Just Cause 4, like the other games in the series, focuses more on the physicality of its gameplay as well as the fun aspect rather than a well-thought-out story or engaging world. Probably the most focused, JC4 really goes all in on experimentation and testing out theories with the new tools it gives to you, along with more and more destructible objects or explosive containers. It can become a bit grating at times where it overuses some mechanics, for example having to winch open doors or tear open generators several times, or endlessly spawning helicopters during escapes, although some people may find entertainment in those aspects.
Through my game time, I didn’t really encounter many bugs or glitches, there was 1 point where I fell through the world, with the majority of errors being the slow load–in times for textures. I did find some pathing issues with the enemies, alongside my followers getting stuck on terrain, but with the hook, I could easily fling them into the correct direction.
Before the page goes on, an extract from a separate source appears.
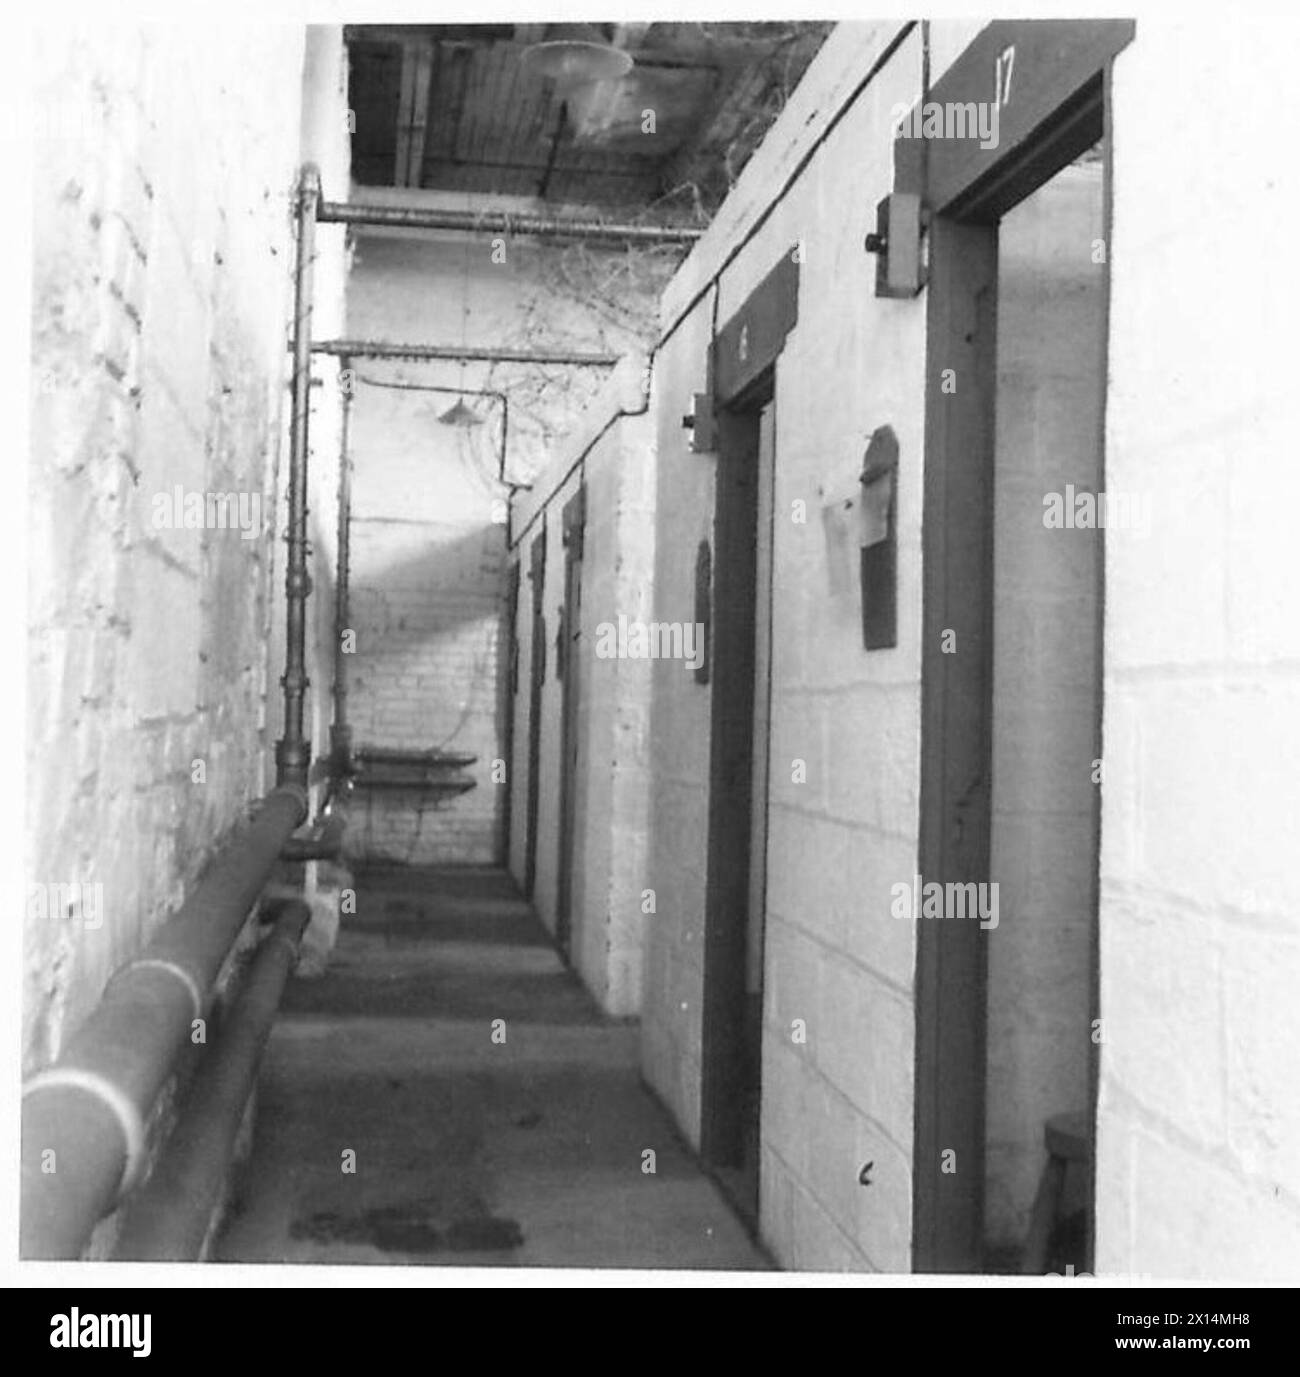 MILITÄRISCHE GEFANGENENBARACKE : CARRICKFERGUS - Zellen und Einzelräume: 4 Betonblöcke - Decken aus expandiertem Metall, verstärkt mit Stacheldraht britische Armee Stockfoto

The PS4 version definitely looks terrible in some parts, especially with bloom and Rico’s model, including other models as their hair looks like sand as well as reflecting light too harshly.
Overall, Just Cause 4 gets an 8/10, the major focus on fun, game-toys and experimentation open up so many possibilities in gameplay that any player could utilize. While the story is bland, with plenty of anti-climactic endings to some missions with too many just being a talking cutscene with an NPC, it does throw in some epic objectives like controlling a tornado. The graphics have arguably taken a huge hit from the previous release, though the addition of new mechanics, as well as the new weather systems, could make up for that. If you have enjoyed the series than JC4 will turn out to be enjoyable for you, but if you’re a stickler for graphics you may want to stay with JC3.